Matching Solution Circulation Unit 400
[0025] The matching solution circulation unit 400 is a unit that
supplies and discharges matching solution to/from the acoustic wave
detection unit 220 and the tray 221. For the matching solution, it
is preferable to use a solution prepared by adding a surfactant
adding a surfactant (solute) to oil or the like (solvent), or water
having a high transmission characteristic and a low attenuation
characteristic, and stirring the solution. The surfactant has a
higher hydrophilicity than the solvent (or has hydrophilicity if
water is used). The matching solution circulation unit 400 is
constituted by a tank 401, a pump 403, a tube 404 and a flow meter
405. The tank 401 is for storing the matching solution. The pump
403 is for supplying the matching solution to the acoustic wave
detection unit 220 and the tray 221, and the flow rate of the
matching solution can be detected by the flow meter 405. The flow
meter 405 is disposed in a later mentioned supply path. The flow
rate of the matching solution may be displayed directly on a
display unit (not illustrated) of the flow meter 405 so that the
user can see, or may be displayed on a later mentioned monitor 600.
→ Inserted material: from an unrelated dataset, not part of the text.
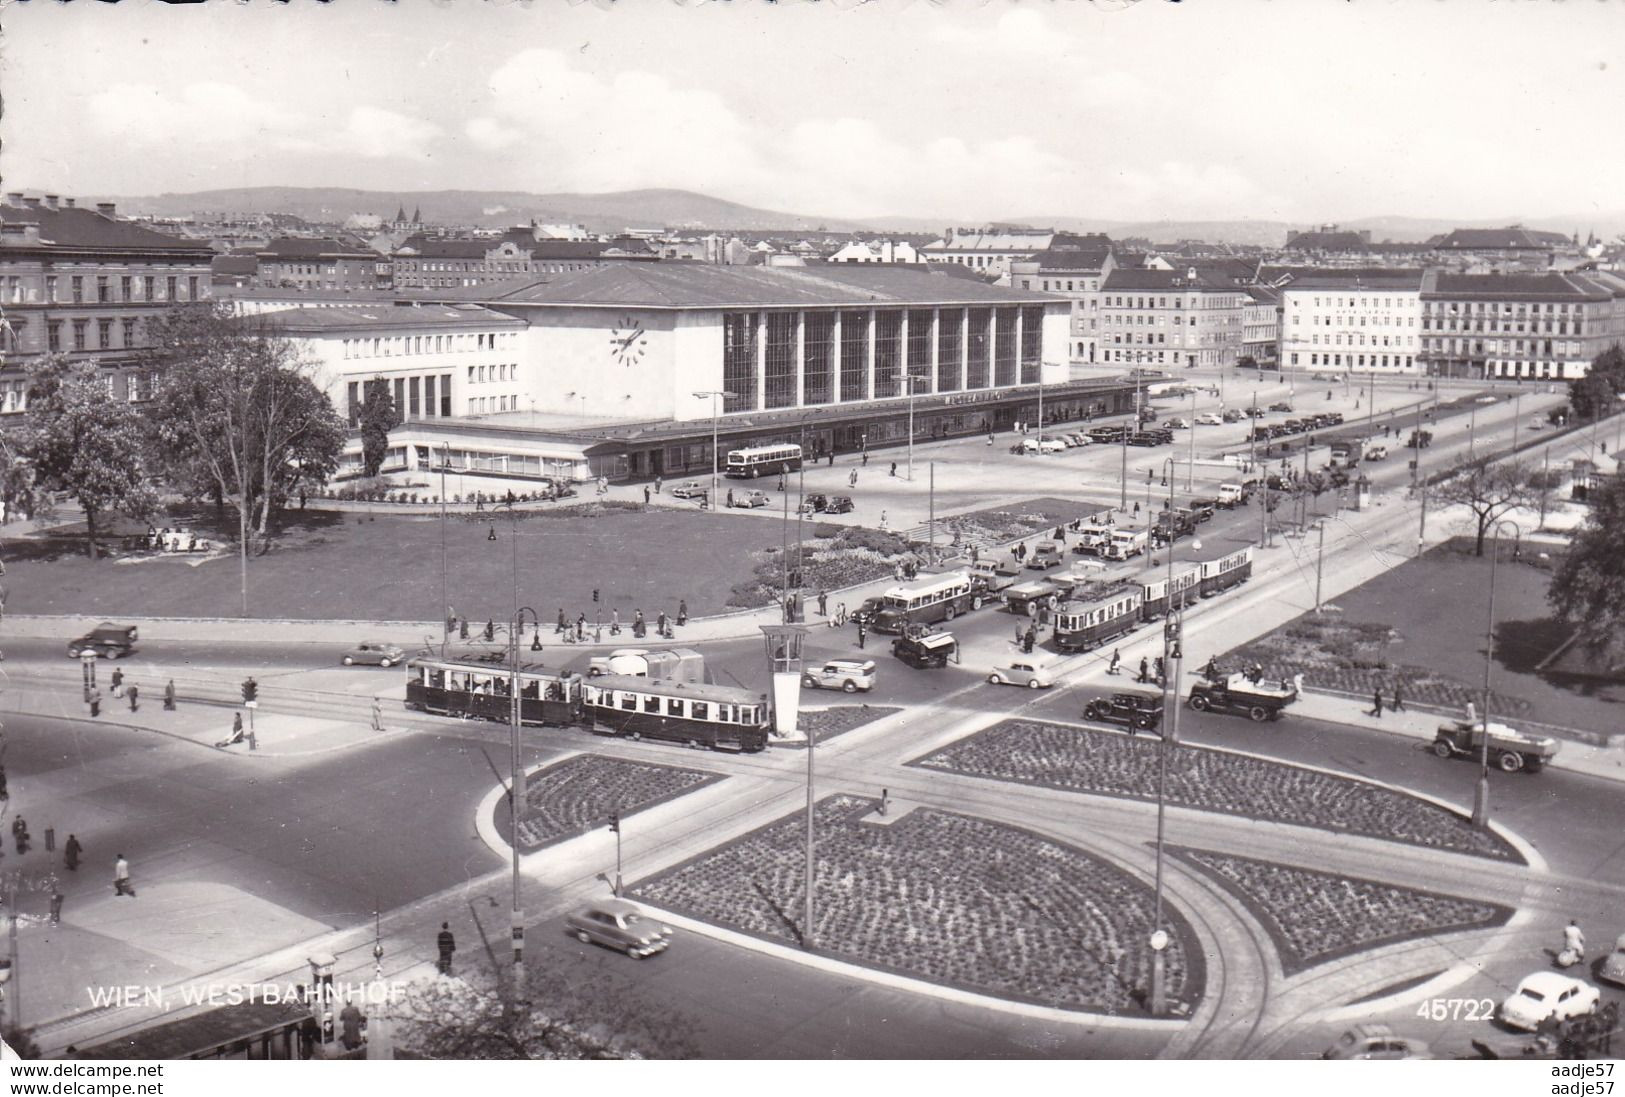 Austria Oostenrijk Wien Westbahnhof 1958 - Strassenbahnen

The tube 404 is connected with the tank 401, the pump 403, the
supply joint 270 and the discharge joint 271. Because of the pump
403, circulation of the matching solution between the acoustic wave
detection unit 220 and the tank 401 becomes possible. In other
words, the circulation path of the matching solution is formed of
the supply path from the tank 401 to the supply joint 270, and the
discharge path from the discharge joint 271 to the tank 401. To
adjust the flow rate, the user may control the drive amount of the
pump by inputting data via a later mentioned input unit 610 while
checking the flow rate. An operator may input a flow rate value,
then the flow rate measurement value from the flow meter 405 is fed
back, and is compared with the input flow rate value, whereby the
negative feedback control is performed so that the flow rate of the
matching solution becomes the input predetermined flow rate value,
and the flow rate is automatically adjusted. This negative feedback
control is performed by a negative feedback control unit. The
negative feedback control unit is disposed in an operation unit 510
or may be disposed separately from the operation unit 510, or may
be constituted by logic-based hardware or may be constructed by
software. By controlling the flow rate of the matching solution to
be a predetermined flow rate, bubbles in the acoustic wave
detection unit 220, generated by the force of supplying the
matching solution to the acoustic wave detection unit 220 can be
minimized.
Computer 500
[0026] The computer 500 (corresponding to the acquisition unit) has
an operation unit 510 and a storage unit 520. The operation unit
510 is typically constituted by such elements as a CPU, a GPU and
an A/D convertor, and by such circuits as FPGA and ASIC. The
operation unit 510 may be constituted by one element or one
circuit, or may be constituted by a plurality of elements and
circuits. An element or a circuit may execute each processing
performed by the computer 500. The storage unit 520 is typically
constituted by such storage media as a ROM, a RAM and a hard disk.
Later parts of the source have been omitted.